At Velocity Berlin 2019, we were asked to give a talk to a crowd of largely non-game developers, on how games make gather and analyse telemetry in order to improve the experience of players. In this post, we’ll recap what we talked about, and provide links for further reading!

Jon and Paris on stage at Velocity Berlin 2019. Photo: Tim Nugent

This talk was largely a literature review of advice and techniques from game developers, and we’re tremendously grateful for their generous sharing of knowledge. In particular, three stand-out talks from GDC were hugely useful:

We’d also like to thank Tony Albrecht from Riot Games, whose advice helped us put this talk together.

In order to talk about how games use data, we’ll break the discussion down into four main topics: what data is gathered, how that data is gathered, how the data is analysed, and how the changes are deployed.

What Data is Gathered

Much of the data that games gather is not unique to games. Just about every product out there collects data on when it’s launched, how long the session lasts for, and how much interaction the user has with it; by gathering this data, it becomes possible to understand patterns of usage in terms of sessions.

There are three critical metrics that need to be gathered in order to gain a rough understanding of how a game is used:

  • Session duration: how much time elapses between the user starting and finishing a stretch of interaction.
  • Session interval: how long the user waits before starting another session.
  • Session depth: how many interactions the user has in each session.

It’s important to note that you can’t analyse these individually. If the average session interval is decreasing, that may indicate that people are coming back to play more and more, but it could also mean that players are opening the game, checking to see if there’s anything new, and then immediately leaving.

By gathering this data, it becomes possible to get a picture of the number of daily, weekly and monthly active users for the game. These figures represent how many unique users had a session in the game over the specified period; generally, you want this to be going up over time, though players tend to drop off a game over time. Daily active users counts tend to be quite spiky, because of players who hear about new content and updates and jump into the game, but don’t stick around for long. As a result, monthly active users tends to be the main reported figure, because it effectively smoothes out trends in player population; in the 2018 annual report for Activision Blizzard, one of the key figures that they highlighted was MAU across Activision, Blizzard and King.

The quarterly MAU figures for Activision Blizzard, from September 30 2017 to December 31 2018.

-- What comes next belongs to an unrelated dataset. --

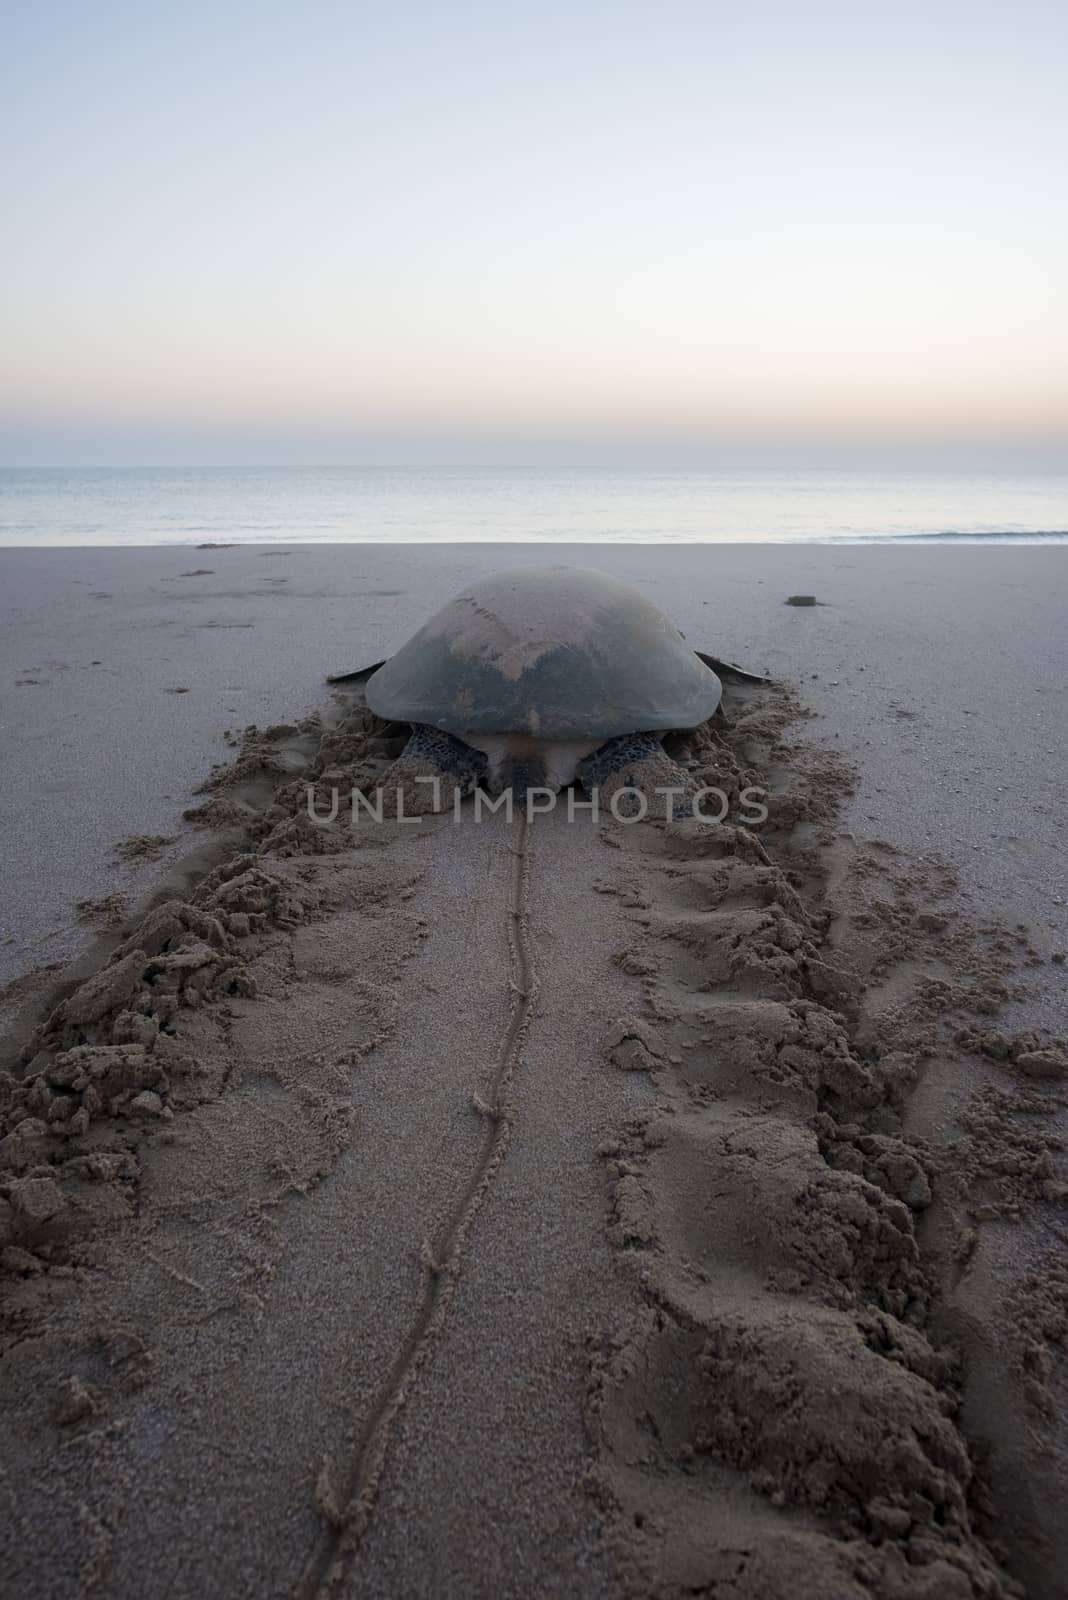 Exhausted Sea turle after nesting in Ras Al Hadd, Oman by GABIS

In addition to these standard metrics, there are also data points that are unique to games. These tend to vary based on the type of game, but generally include things like score, death, level number, and position. Position is a particularly interesting one, because it’s very easy to visualise and plot against other key events – we’ll come back to this in a moment.

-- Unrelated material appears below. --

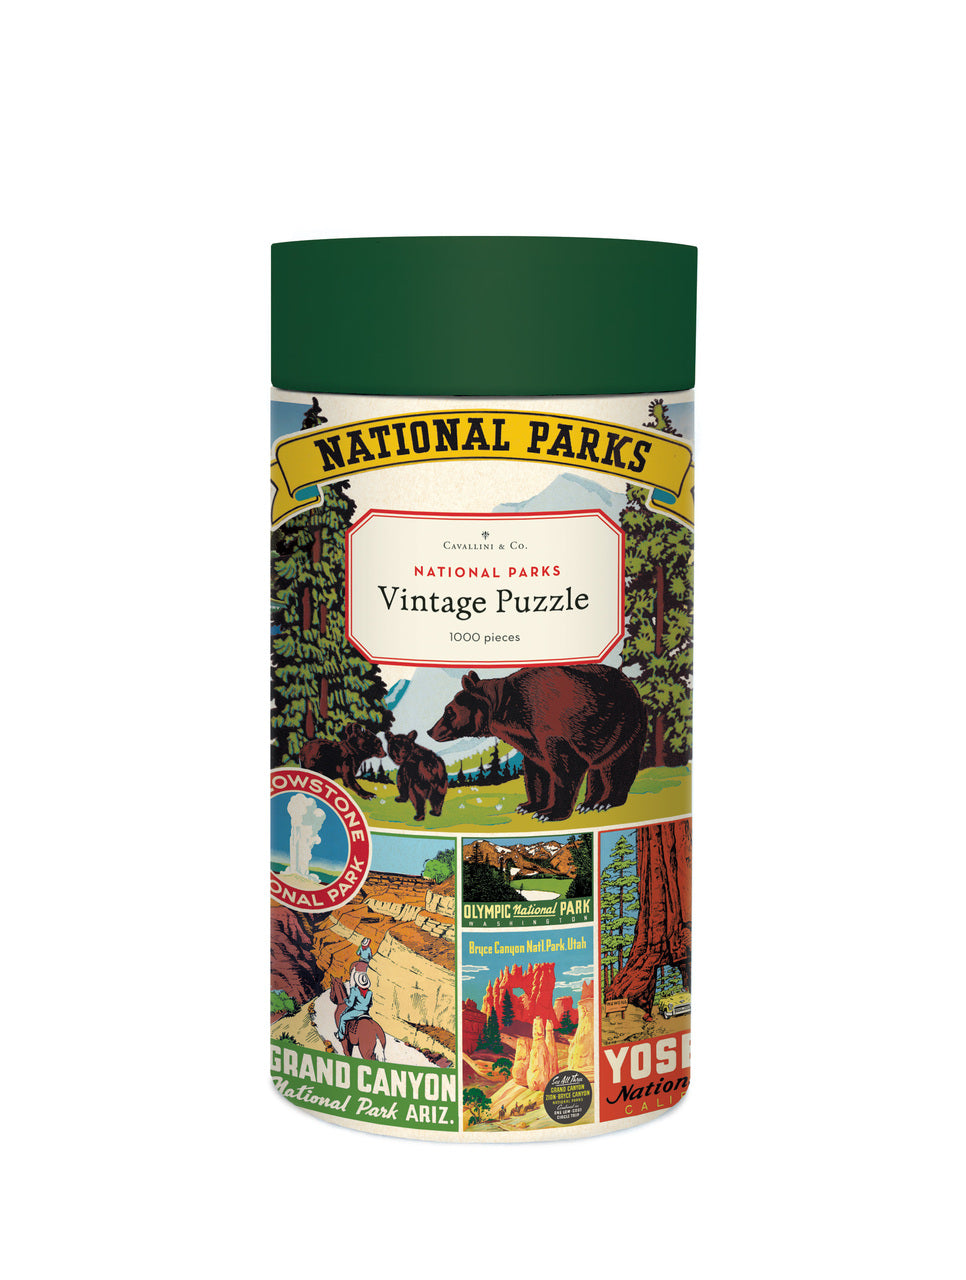 Cavallini & Co. National Parks 1000 piece puzzle features their National Parks Decorative wrap, a collage of vintage National Parks logos and designs.

However, these concrete measurements of player behaviour aren’t good at getting an understanding of whether the player enjoyed themselves in the game. To fix this gap, Call of Duty: World War II directly asks their players if they had fun, using a single yes/no question that’s designed to minimise the burden of answering. Interestingly, the development team reports an average non-skip rate of between 60-80%, even when the answer order randomisation places the option to skip as the default. This is significantly higher than they expect.

The Call of Duty: WW2 fun survey.

Finally, games typically record performance data on how smoothly the game is running. Games typically aim to play at 60 frames per second, which means that each frame has only 16.6 milliseconds to render. When you have only about a dozen milliseconds to render, every one of them counts.

As a result, League of Legends records two kinds of performance data: first, regular telemetry reports are sent during a game, giving an idea of the impact that the most recent patch has had on performance. Additionally, the game records performance data for each frame as it’s played, and then compresses and uploads the data at the end of a round.

Most games perform some kind of internal time profiling; a common tool that we’ve seen multiple game developers use is the Chromium tracing system. This system was originally built to profile the performance of the Chrome web browser, but it’s able to load arbitrary timing data for analysis. For example, Aras Pranckevičius has written about how Unity Technologies uses it to profile the performance of their build system, and Colt McAnlis has written about why using Chrome’s profiler is a better idea than building your own.

How the Data is Gathered

Data collection is the process of delivering the data to the developer for analysis. There are a few ways to do it, and a great talk from Tom Mathews from 343 on how they built their telemetry systems for Halo 5 is a great place to look at. Some highlights of his talk include the fact that they converted their logging system away from unstructured logging strings to a formal, schema-based format based on Microsoft’s Bond format.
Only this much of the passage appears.